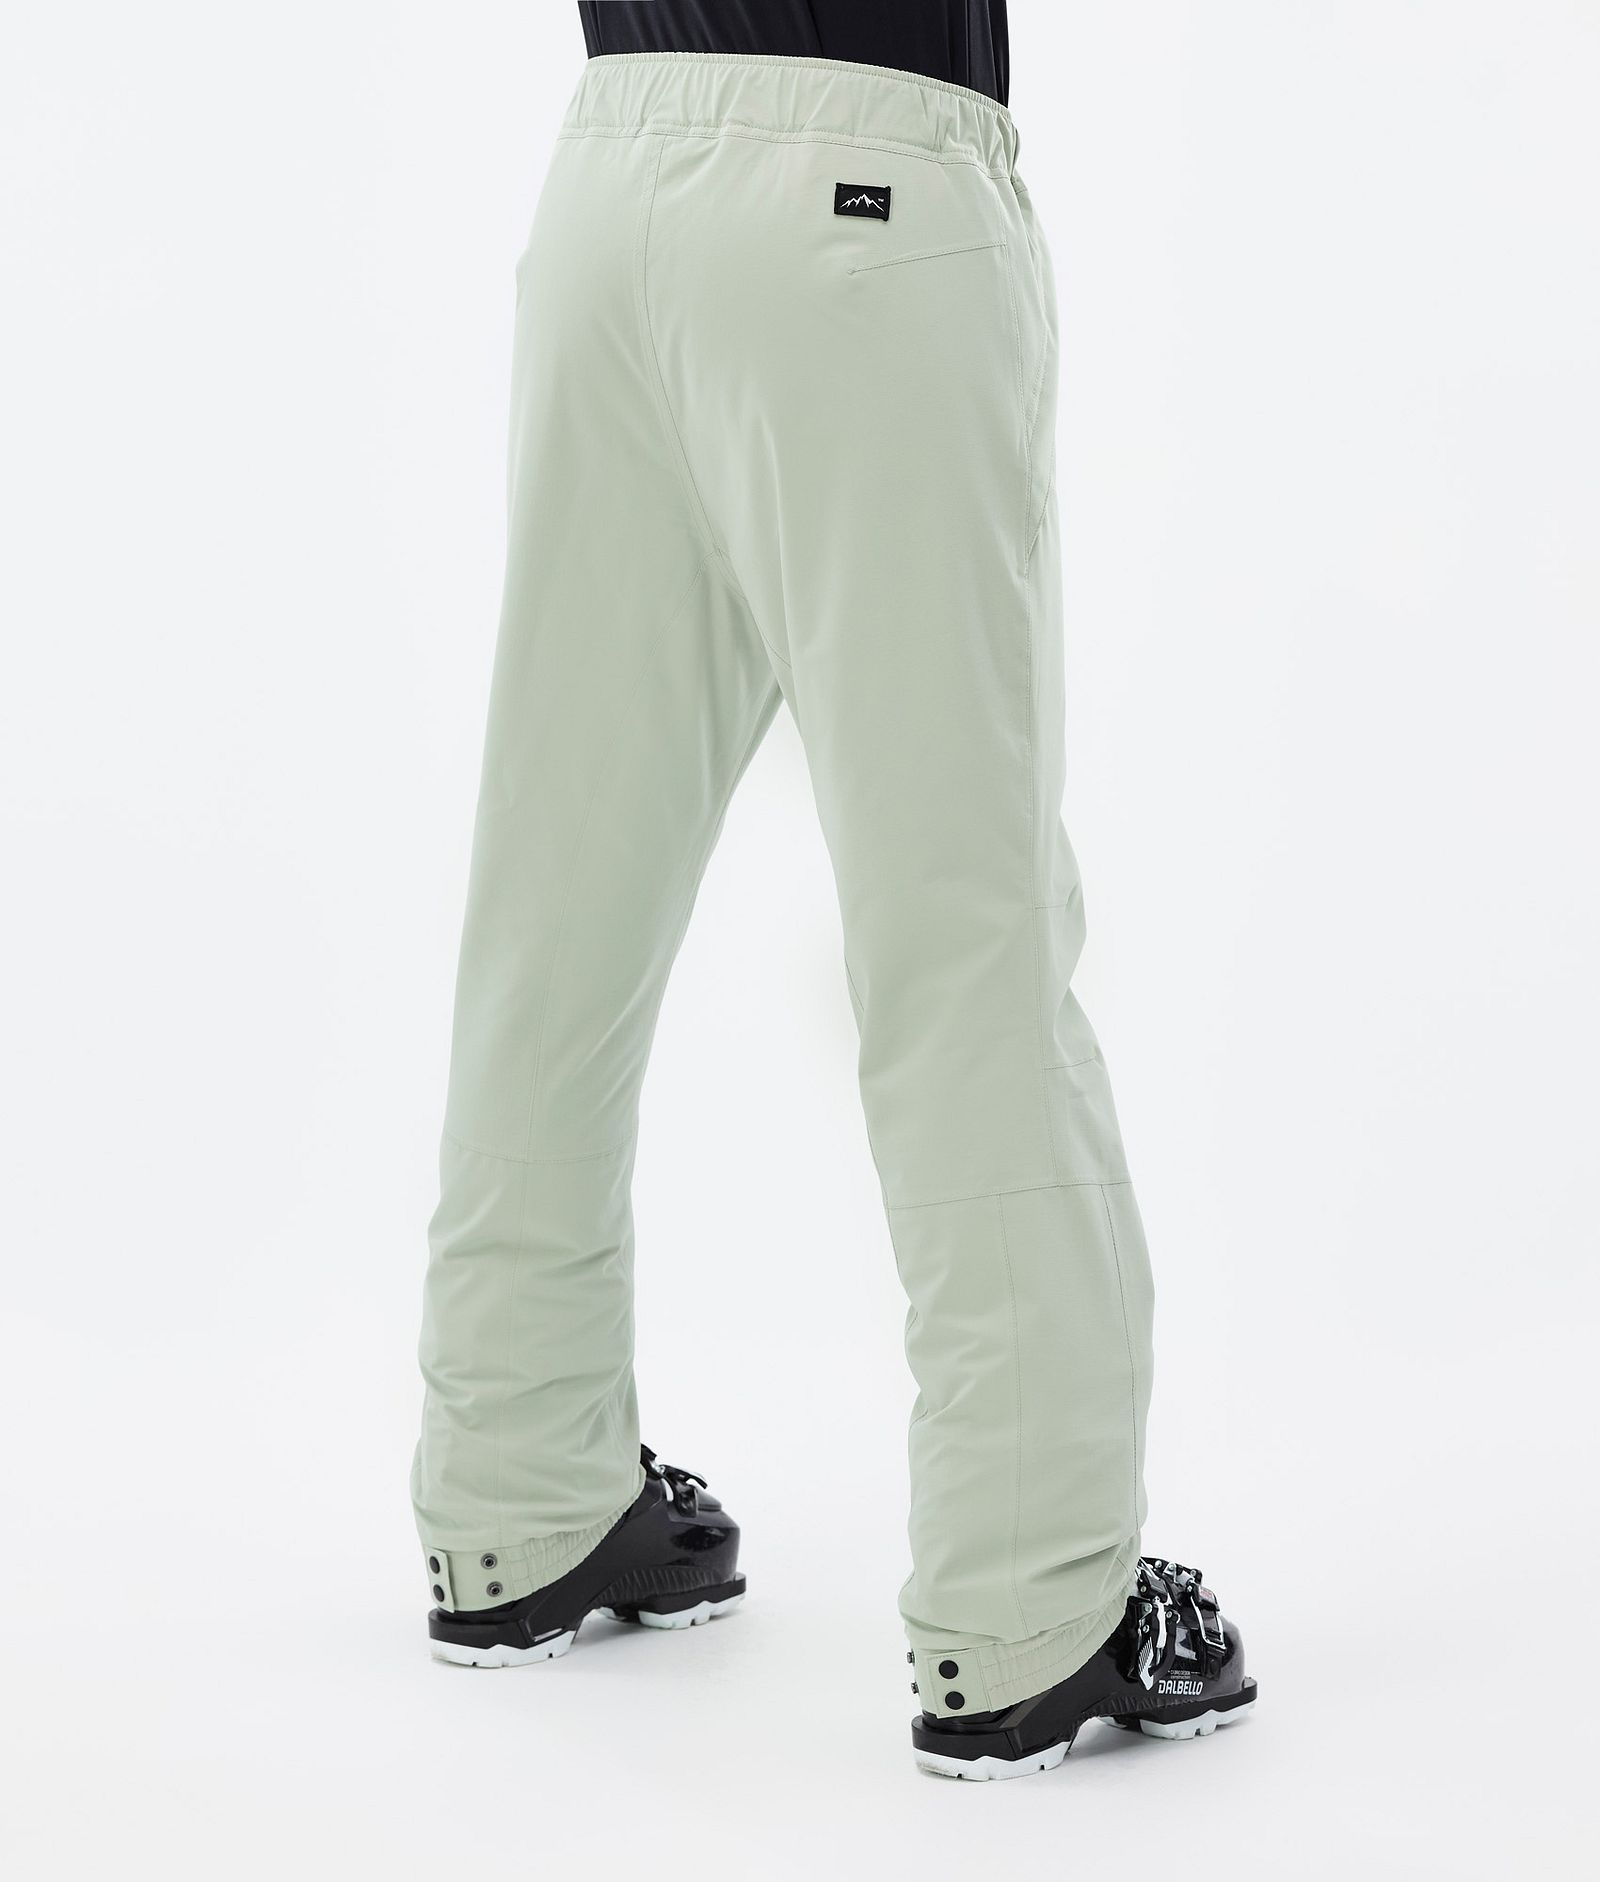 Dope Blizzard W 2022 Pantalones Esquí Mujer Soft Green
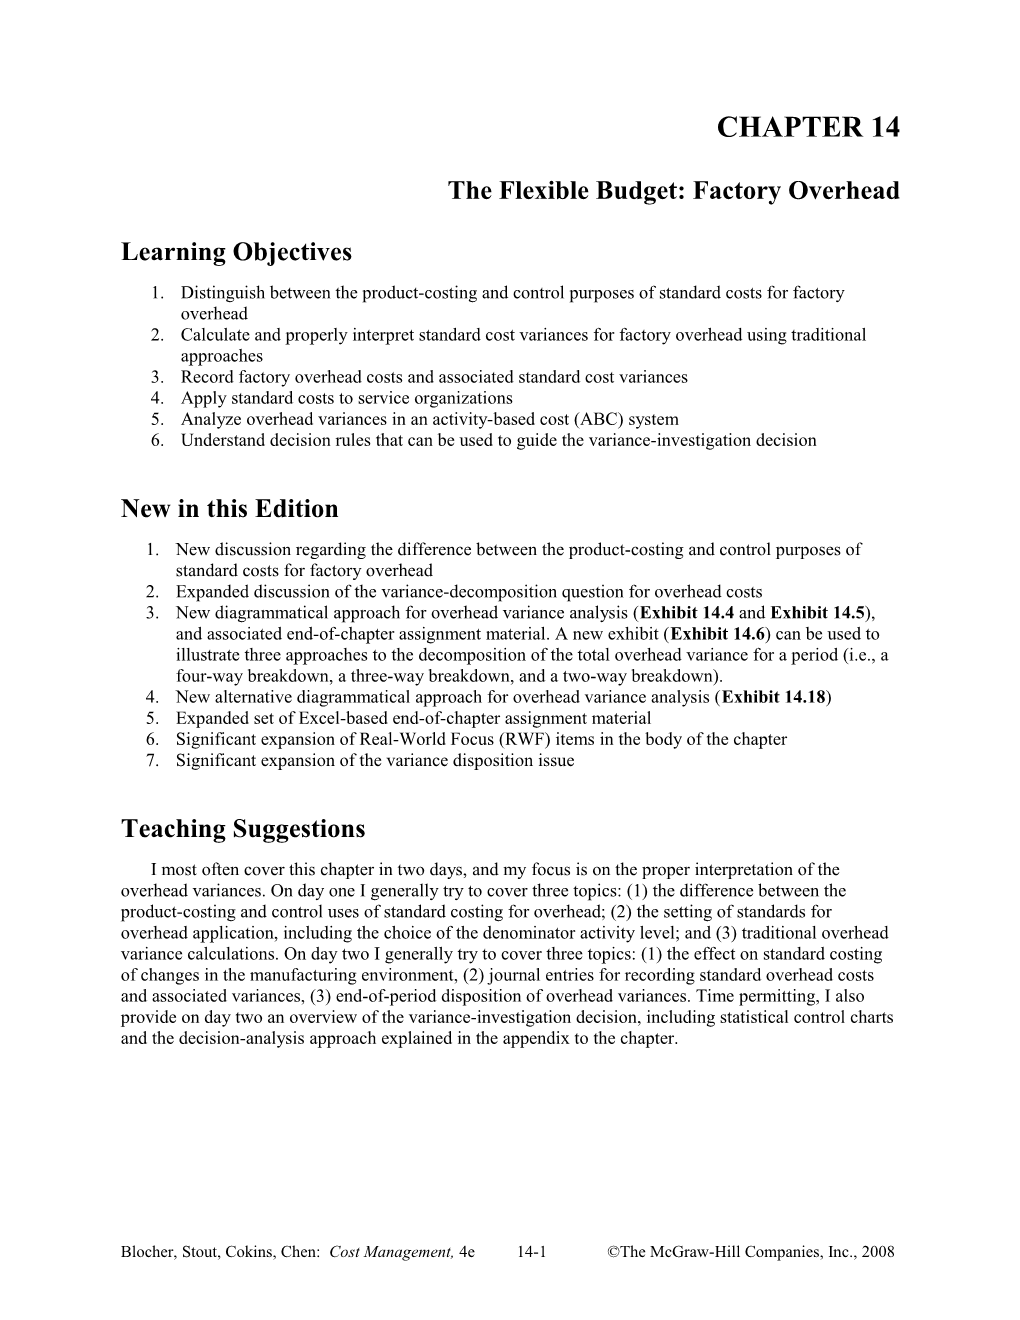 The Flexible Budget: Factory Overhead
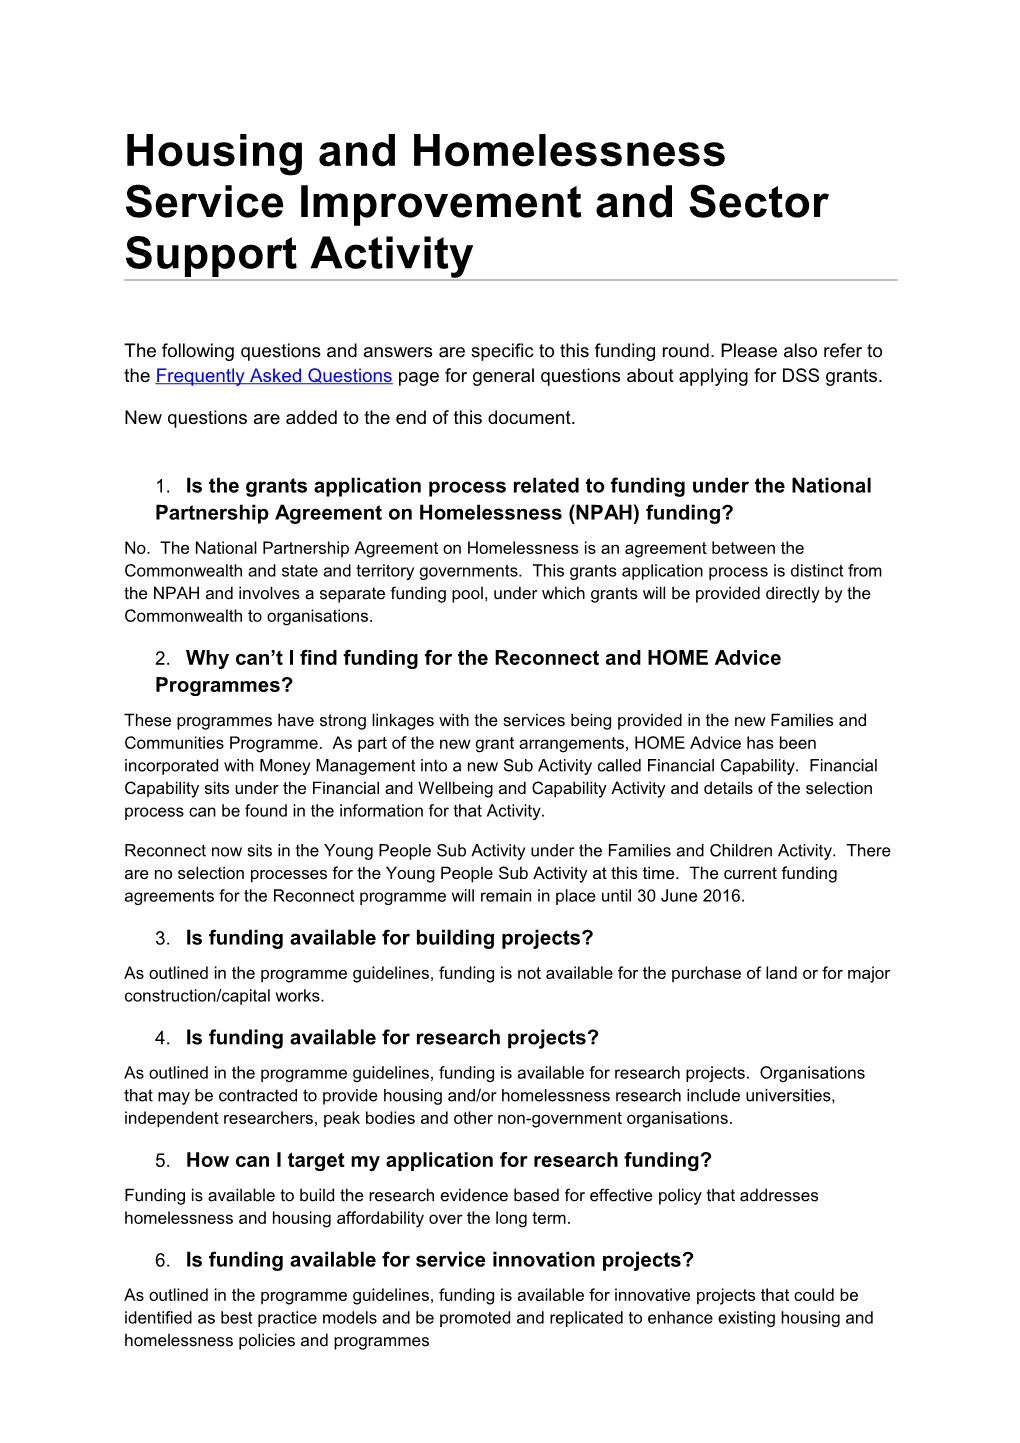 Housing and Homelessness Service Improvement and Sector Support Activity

◇ ◇ ◇ ◇ ◇

Exercise details: Take the data above and repeat it exactly, leaving each picture out.

The completed task:
 Dope Blizzard W 2022 Pantalones Esquí Mujer Soft Green
 The Flexible Budget: Factory Overhead
 Housing and Homelessness Service Improvement and Sector Support Activity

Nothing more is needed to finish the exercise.